THE TASK :: Where an image appears in the data, omit it and reproduce the rest exactly.

DATA SHOWN ::
· · ·
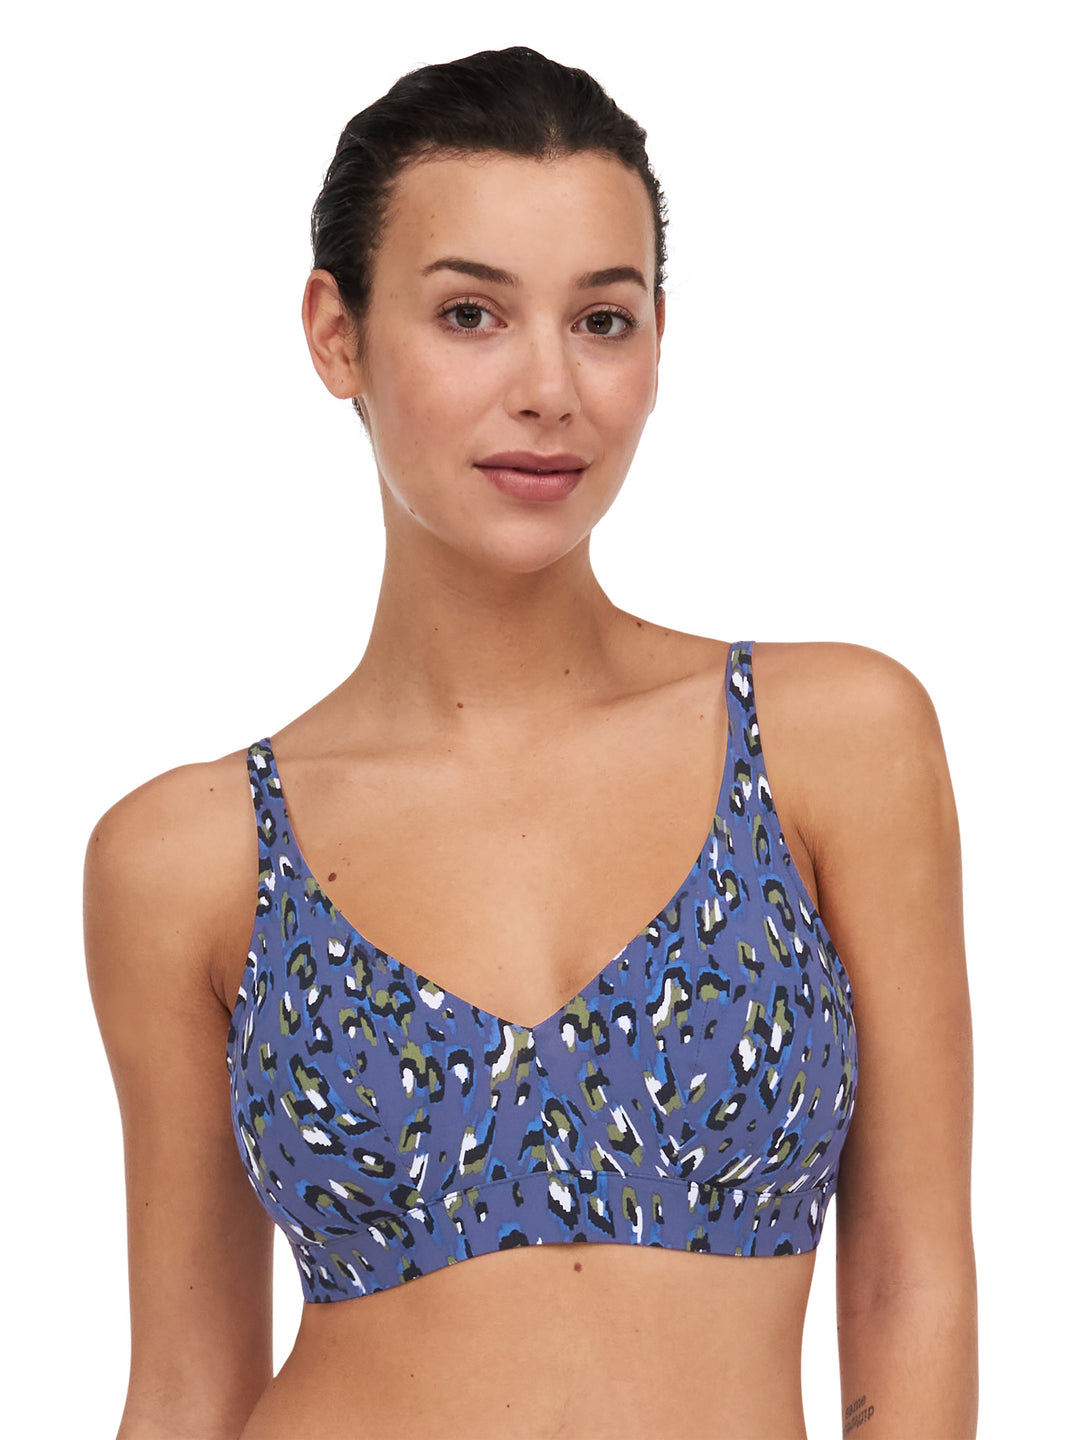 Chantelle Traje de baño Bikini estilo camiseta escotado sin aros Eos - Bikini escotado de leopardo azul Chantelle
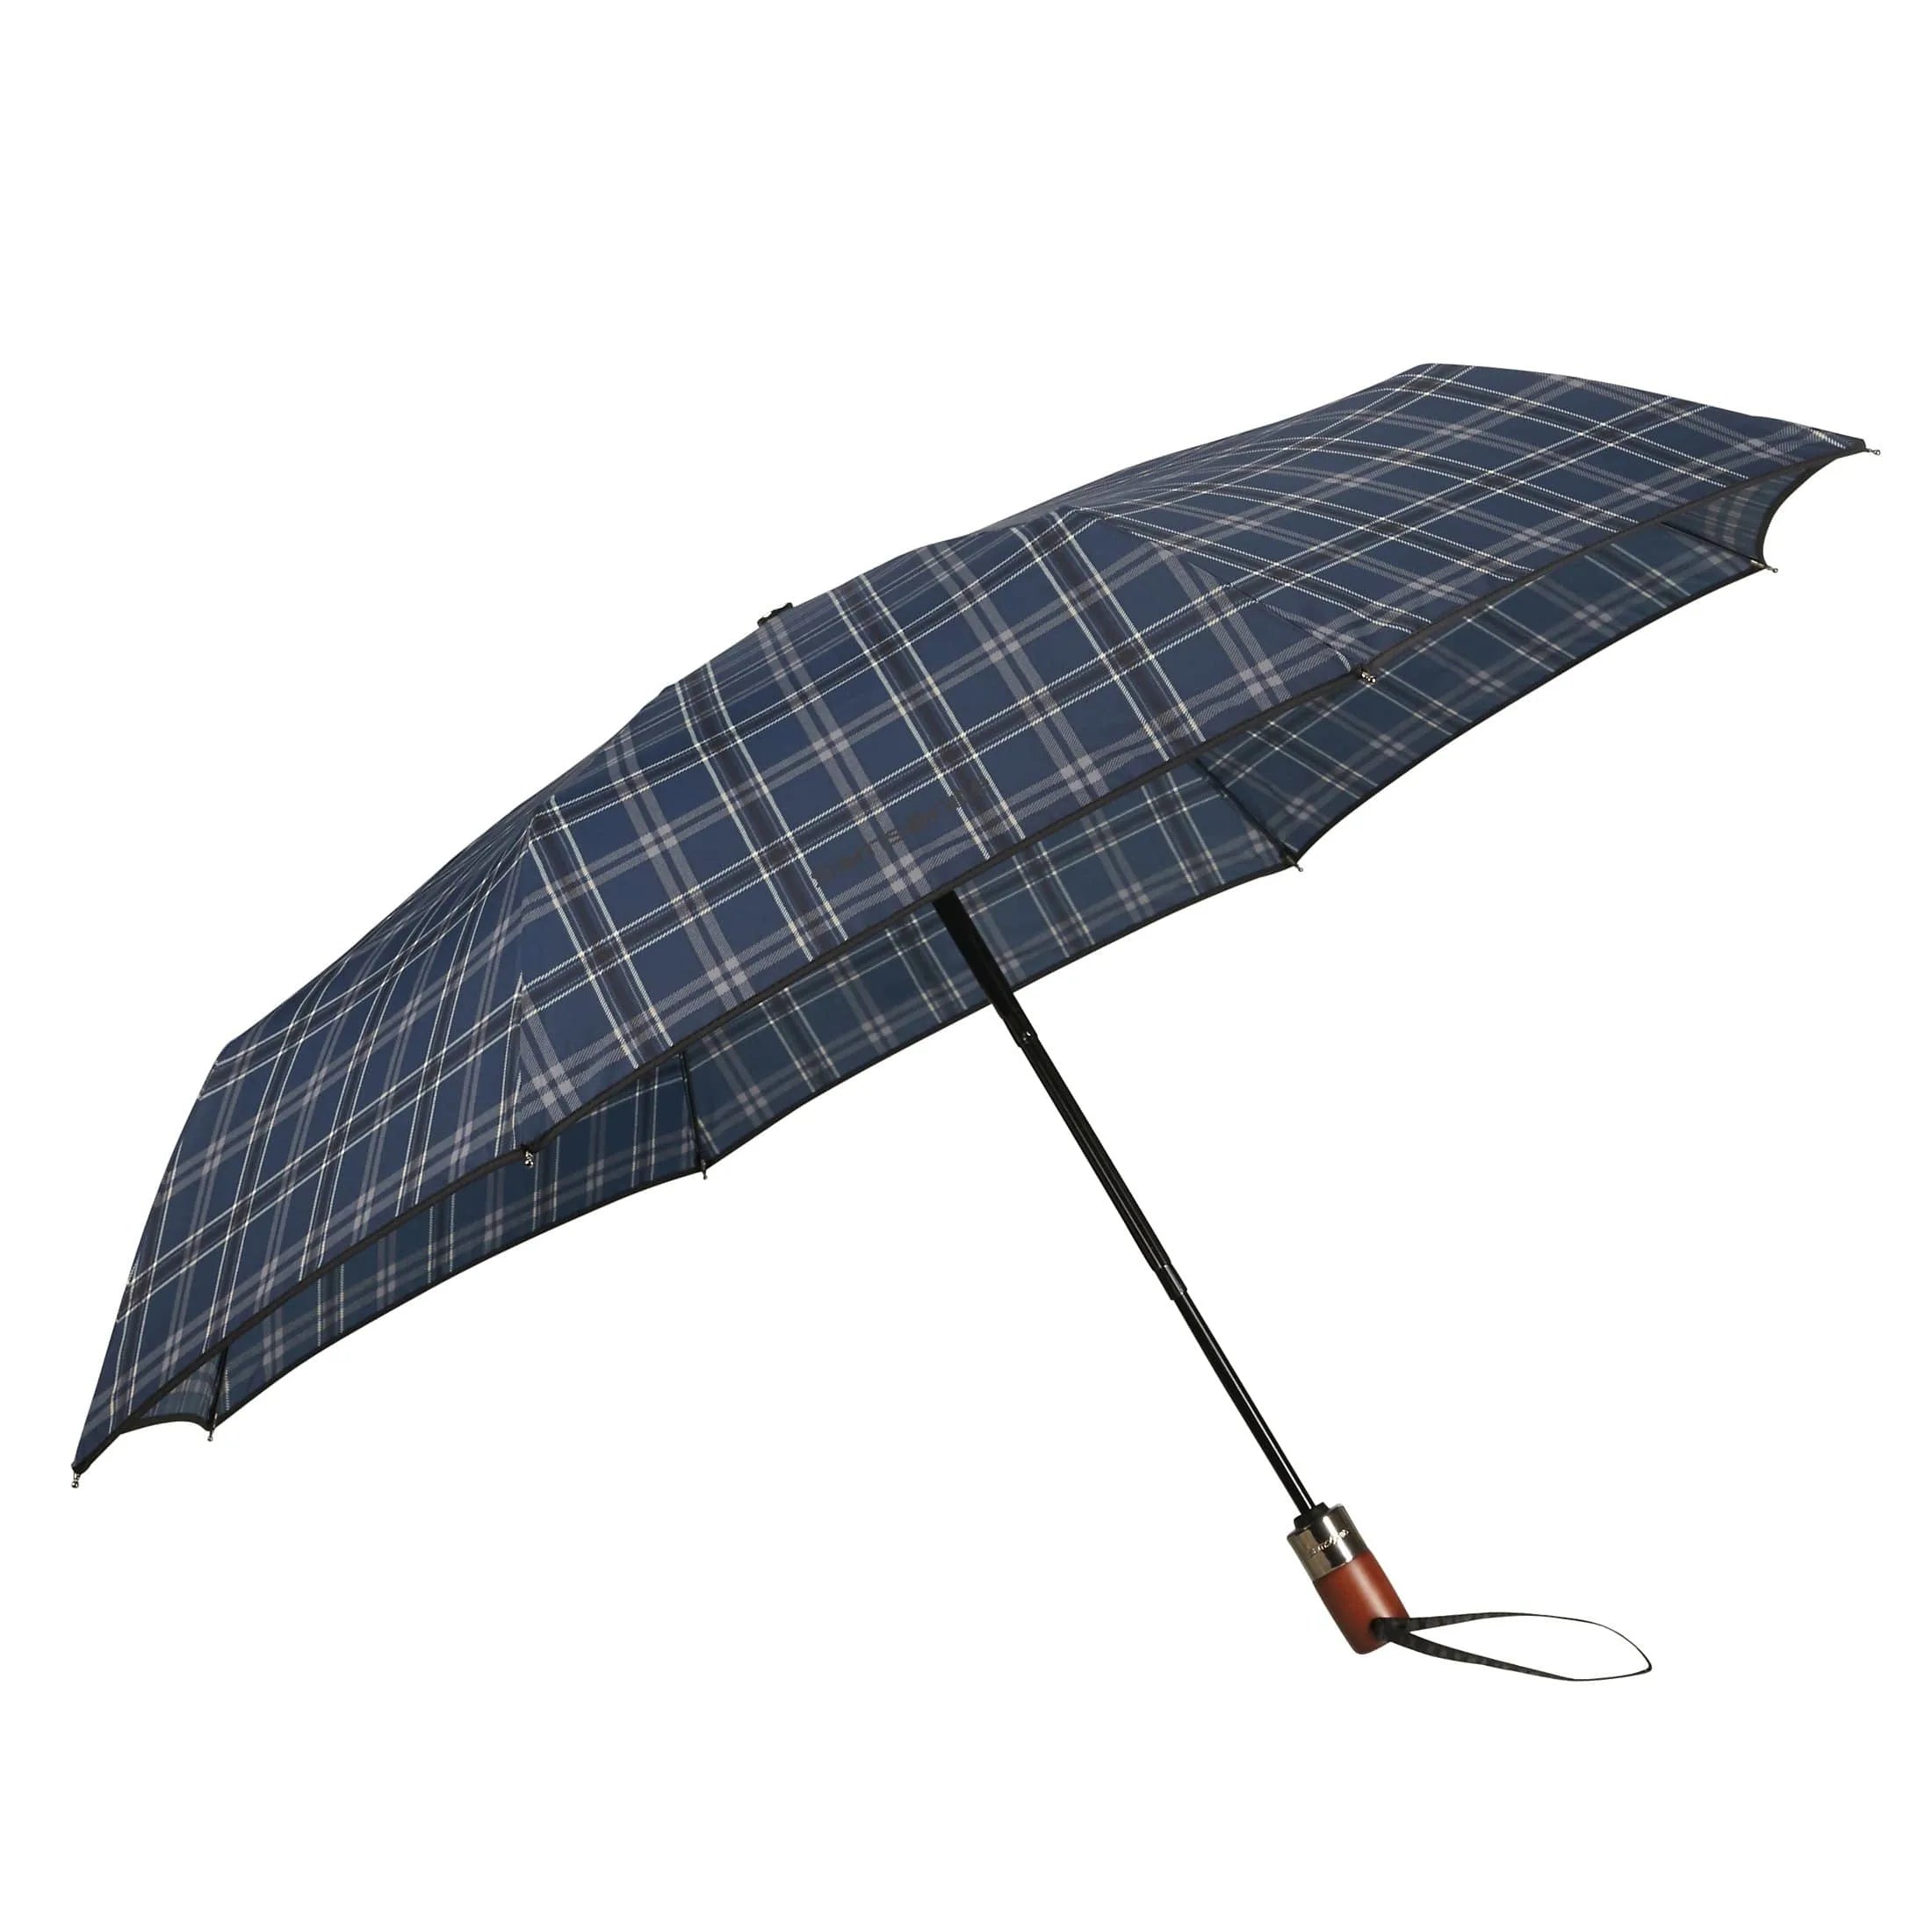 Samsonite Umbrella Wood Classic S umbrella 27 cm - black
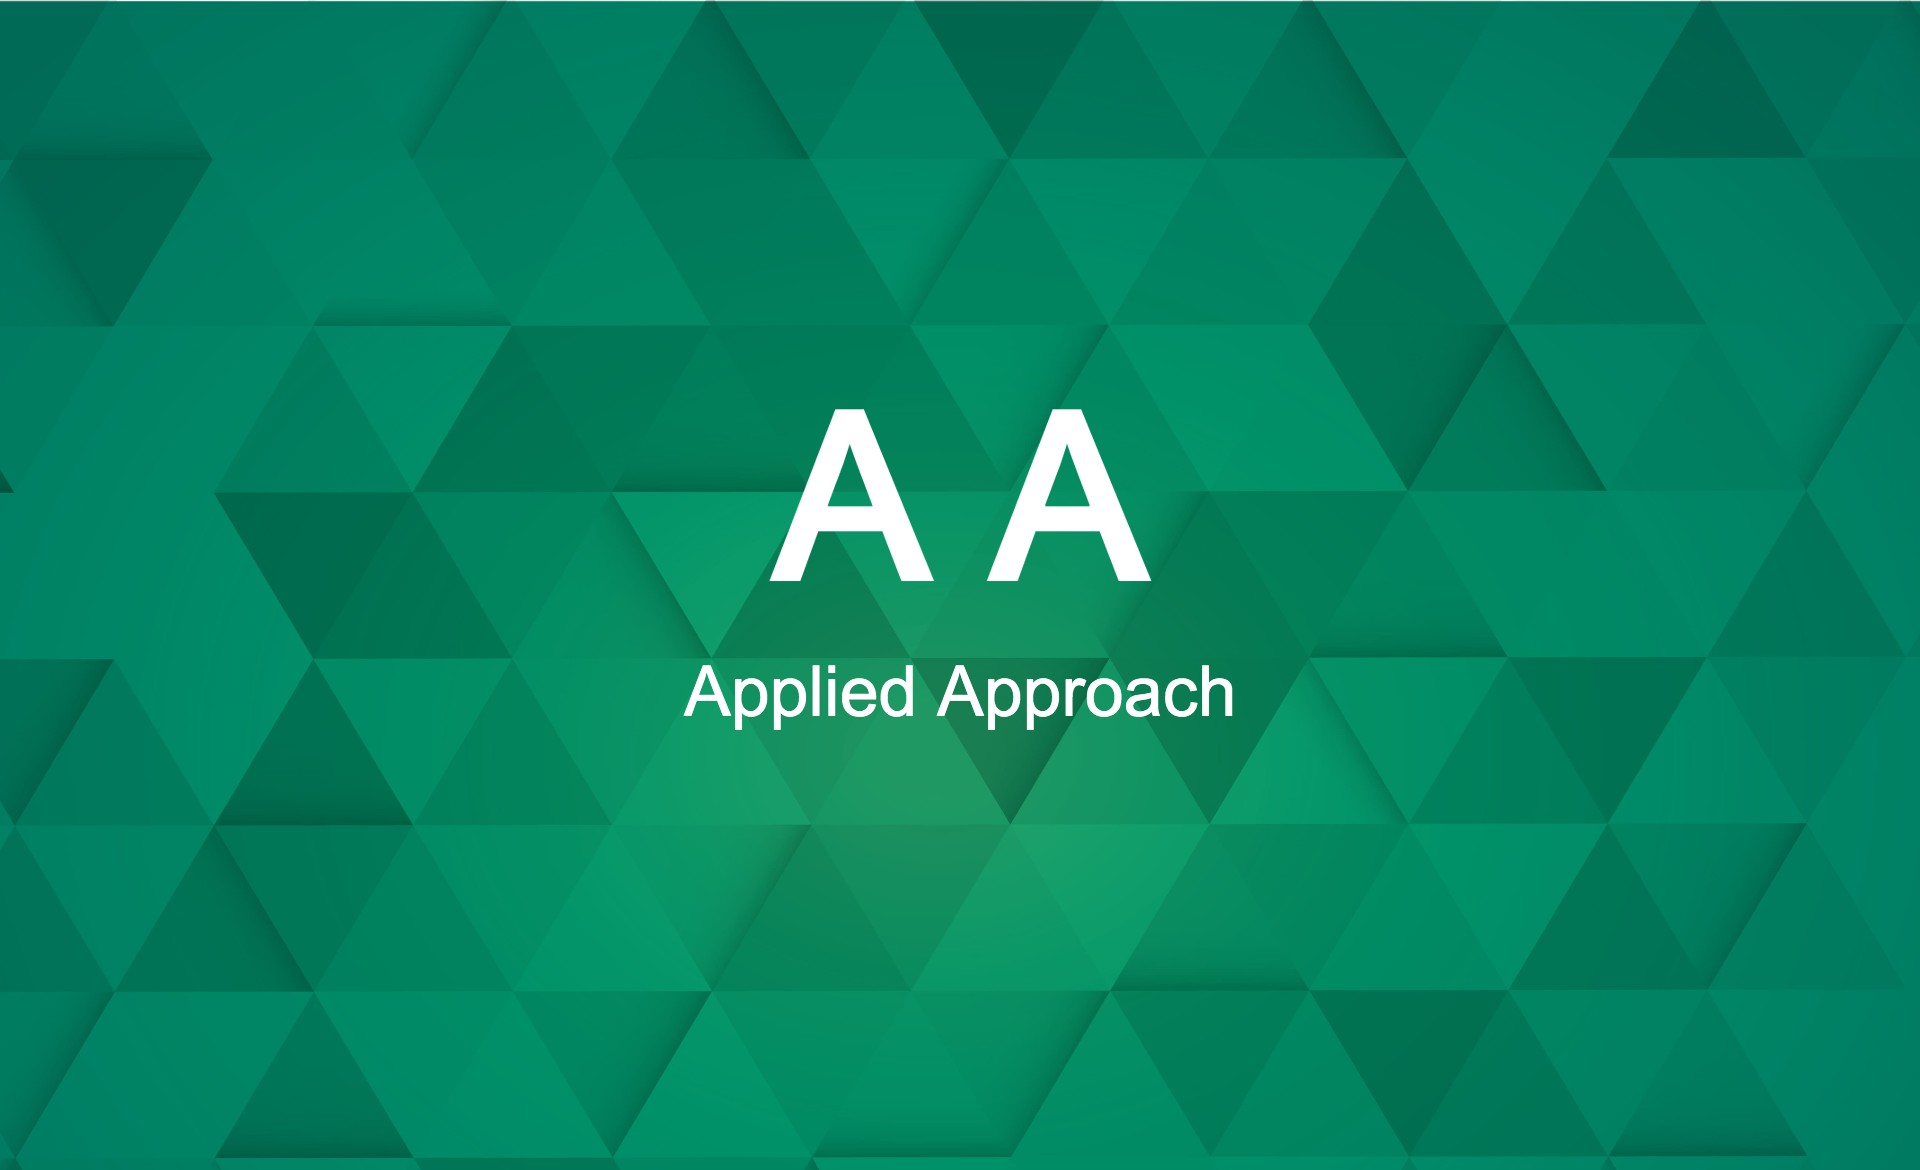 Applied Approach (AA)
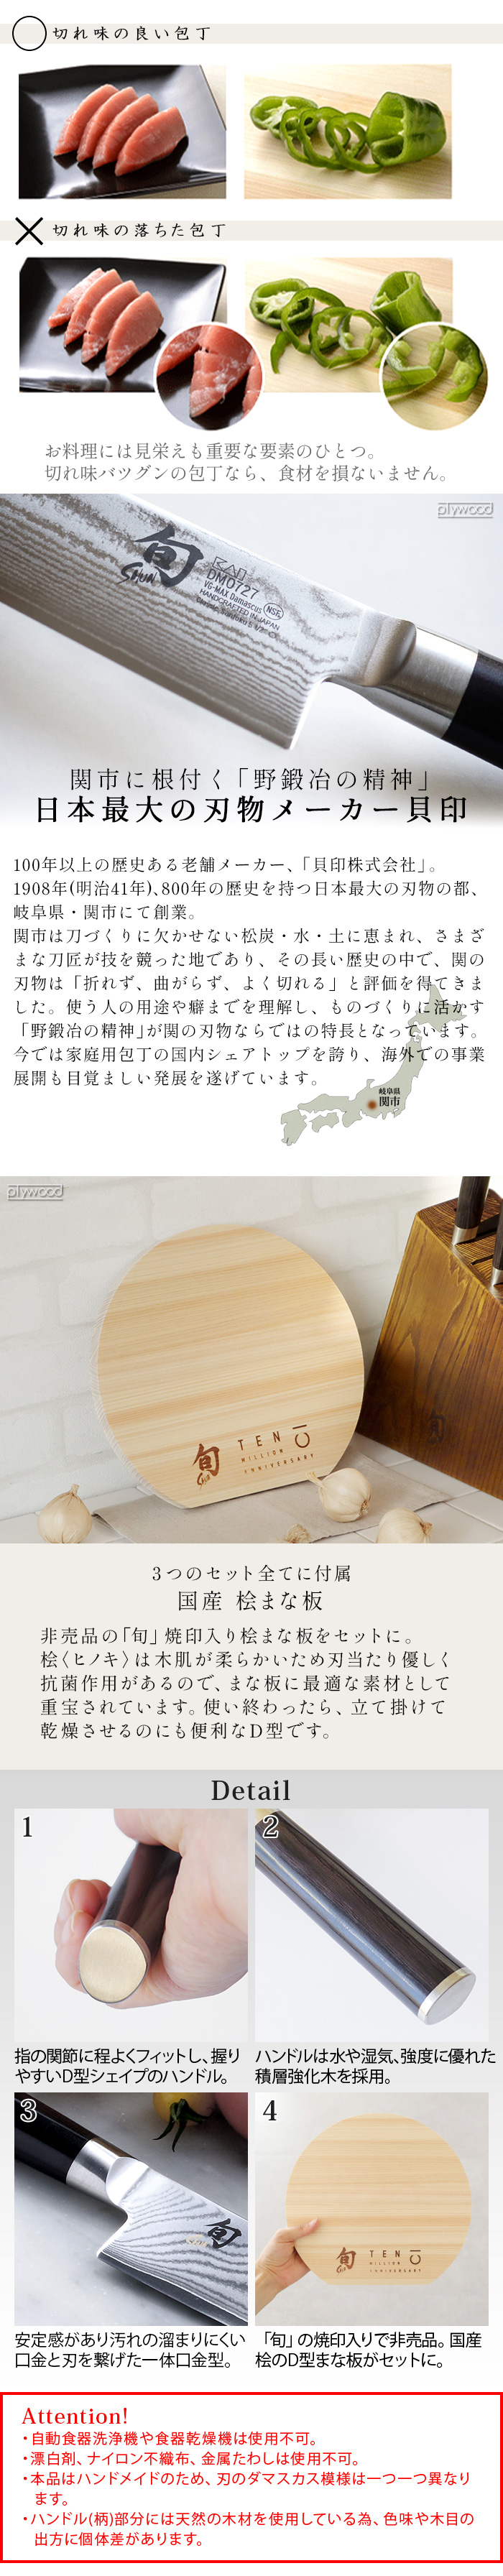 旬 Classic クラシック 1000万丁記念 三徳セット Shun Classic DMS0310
· · ·
TASK ANSWER ::
 Chantelle Traje de baño Bikini estilo camiseta escotado sin aros Eos - Bikini escotado de leopardo azul Chantelle
 Samsonite Umbrella Wood Classic S umbrella 27 cm - black
 Applied Approach (AA)
 旬 Classic クラシック 1000万丁記念 三徳セット Shun Classic DMS0310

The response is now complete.